Top producer Ivory Coast fears for cocoa output after rains

Top producer Ivory Coast fears for cocoa output after rains

ABIDJAN

"Thirty years I've been in cocoa - and this is the worst season yet," said Siaka Sylla as he contemplated an almost empty warehouse at his cooperative in Ivory Coast, the world's top producer of the bean.

Following exceptionally heavy rain, this year's overall harvest of cocoa, used to manufacture chocolate, is set to be very low. The crop is harvested twice annually - October to March for the main crop and a May to August mid-crop.

On a hot November morning, a squad of trucks arrived from the plantations to drop off a few dozen bags of beans at the Scappen cooperative in the village of Hermankono, near the central southern town of Divo, some 200 kilometers from the economic capital Abidjan.

"It's rained too much this year. Usually at this time, trucks are queueing up to unload. Here, we have barely 200 bags whereas we could stock 10 times as many," complained Sylla, chairman of the cooperative grouping some 1,500 planters.

He expects harvest volume to drop some three to four times on last year's.

A look in the fields nearby suggests that fear is well-founded.
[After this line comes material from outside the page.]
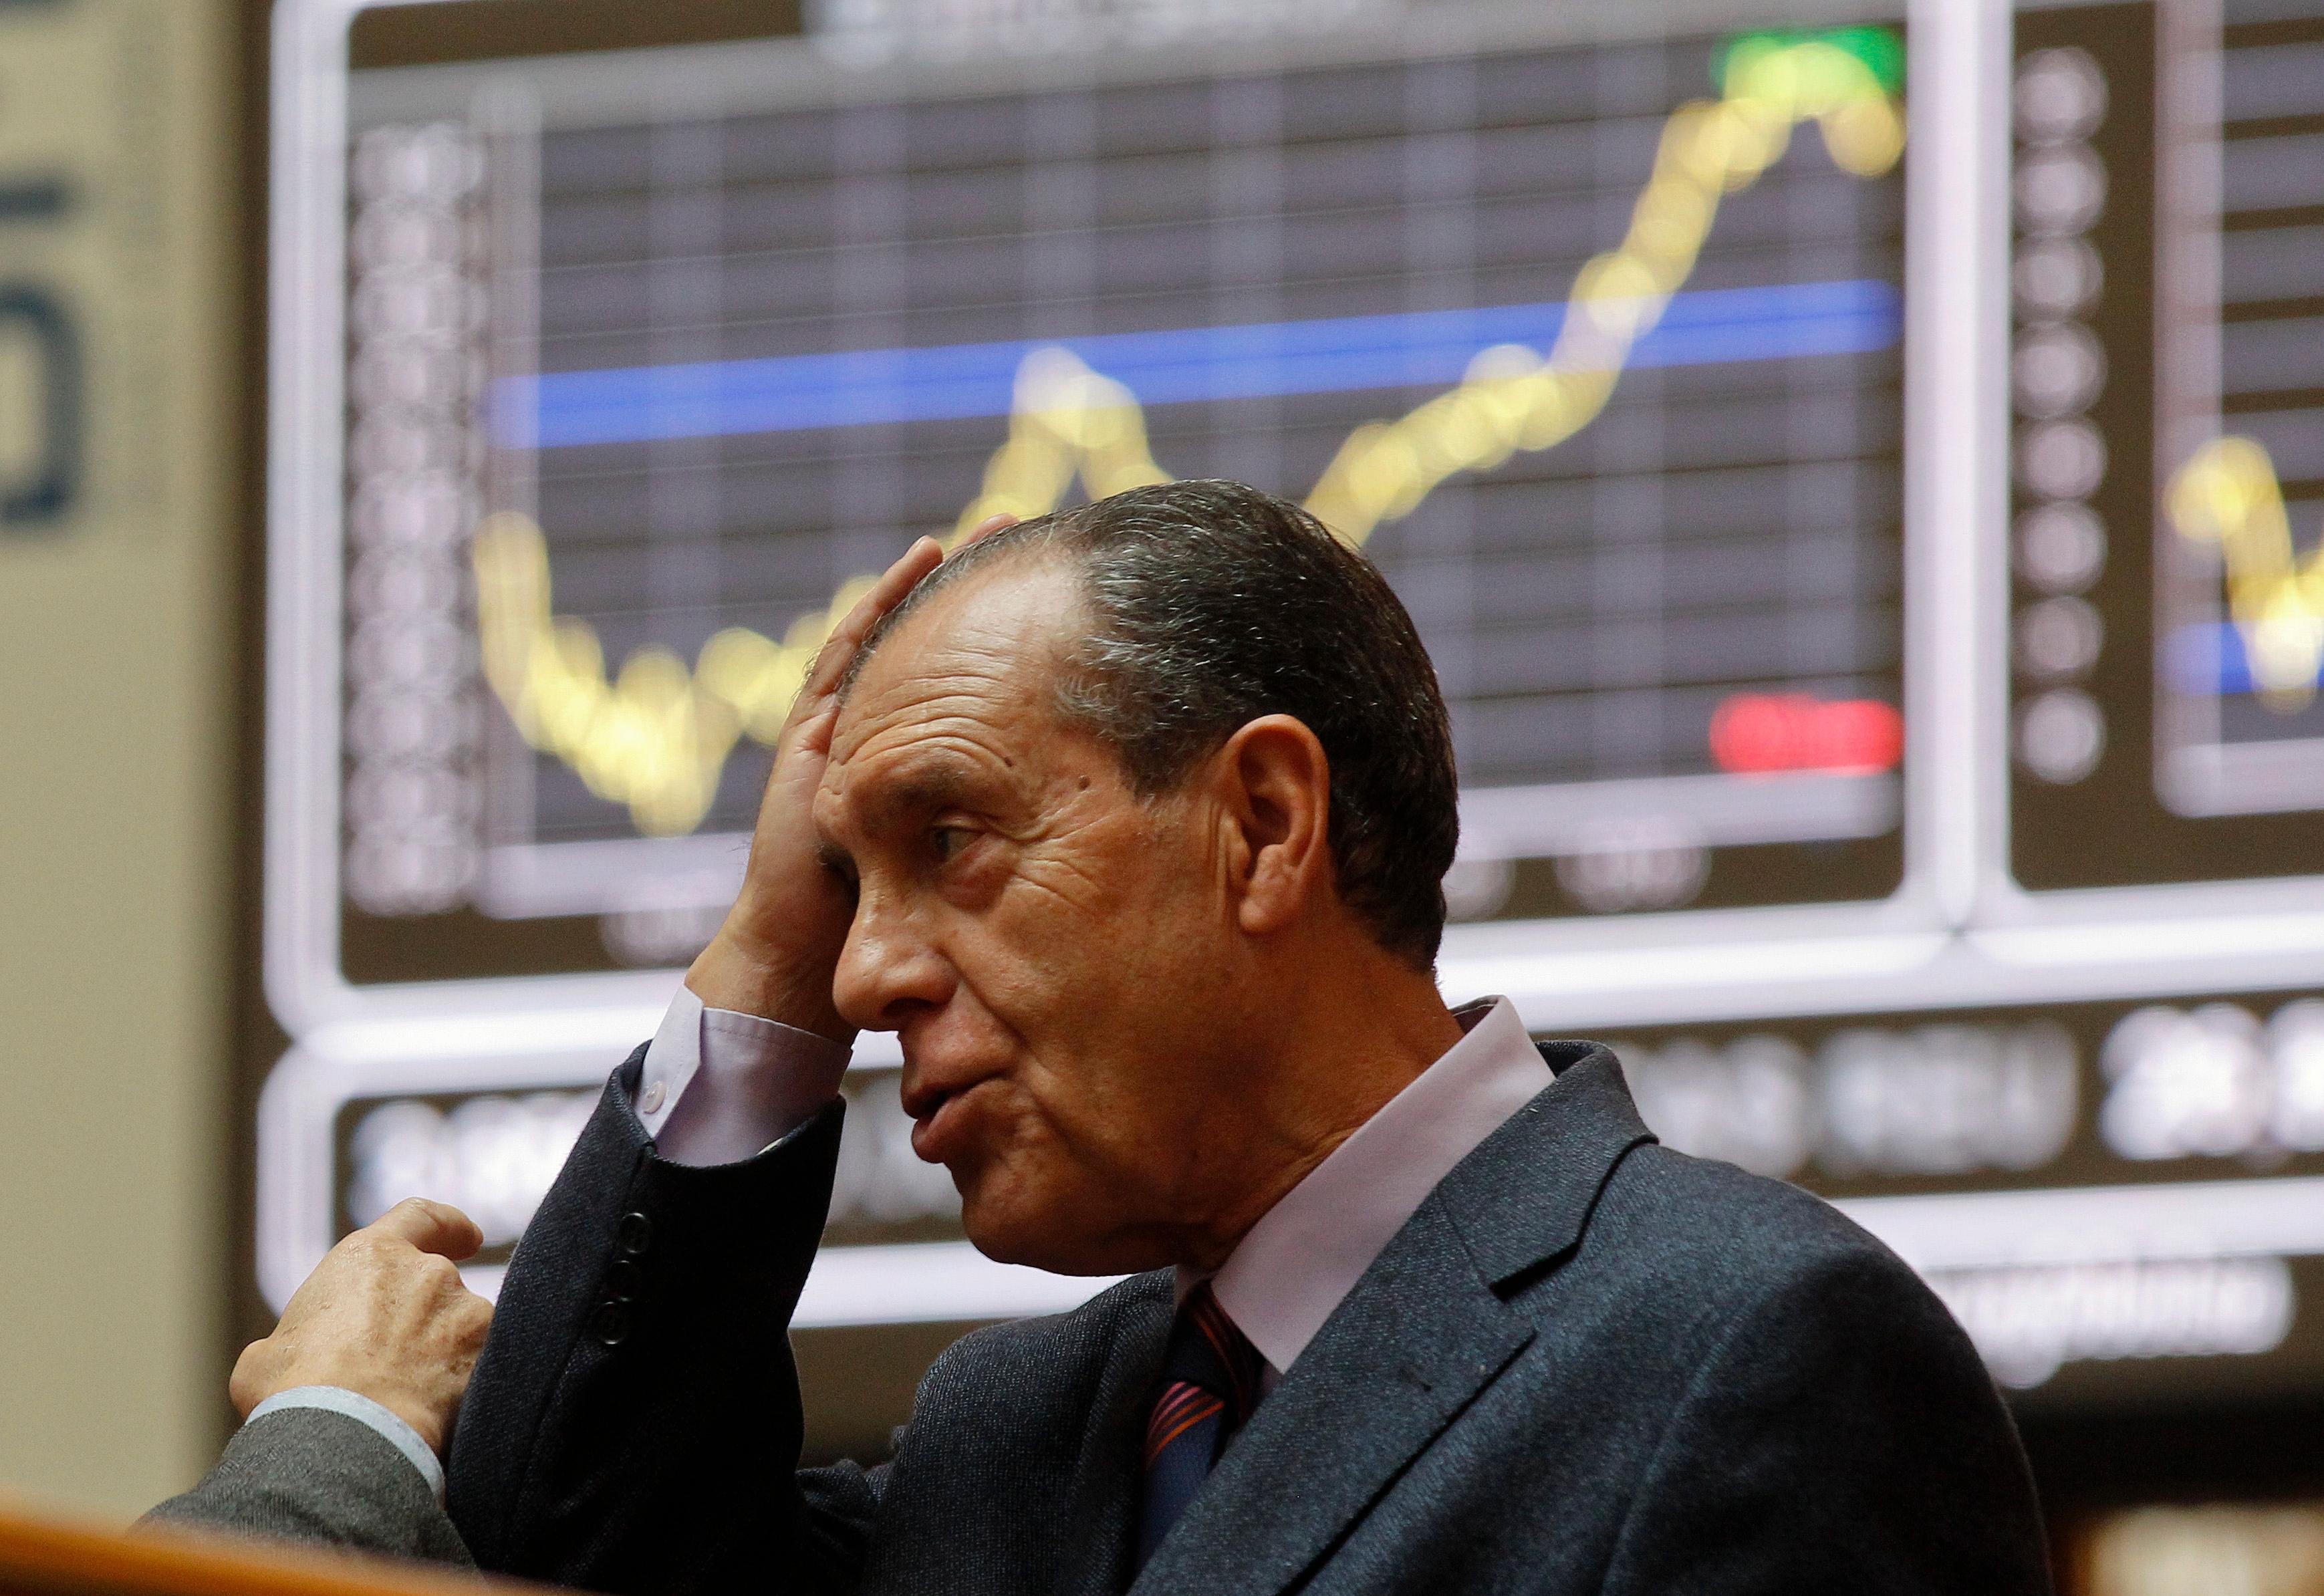 En 2012, la Bourse n'aura d'yeux que pour la croissance

And Analysts confirm as much.

"Traders are worried about another short production year and these feelings have been enhanced by El Nino that could threaten West Africa crops with hot and dry weather later this year," said Jack Scoville of Price Futures Group.

The analyst warned of "tight supplies" amid "more reports of reduced arrivals in Ivory Coast and Ghana," the number two global producer.

July was a particularly rainy month in Ivory Coast's south, just as the cocoa plants were flowering.

As a result, "the flowers fell," the farm worker said as he explained his meagre harvest.

Of those cocoa pods which resisted, some rotted anyway in the excessive humidity.

Some areas have seen rainfall this year between 20 and even 40 percent above the 1991-2020 norm.

To blossom fully, cocoa needs a subtle alternation between sunshine and rain.

"We'd forecast a 20 percent drop on last year and our forecasts are confirmed. With the heavy rains, many pods have rotted," Yves Brahima Kone, who heads Ivorian regulator the Coffee-Cocoa Council (CCC), told AFP.

With a 40 percent share of global supply, Ivory Coast is the world's top producer ahead of neighbouring Ghana, whose production has recently suffered from cocoa swollen shoot virus disease, as well as illegal mining on some cocoa farms.

Anticipating a poor crop, Ivory Coast suspended export contracts - some two-thirds of produce usually goes to the EU - back in July.

As a result of that move, cocoa prices have soared on commodity markets beyond $4,000 a tonne in New York, a level not seen in more than four decades, since 1978.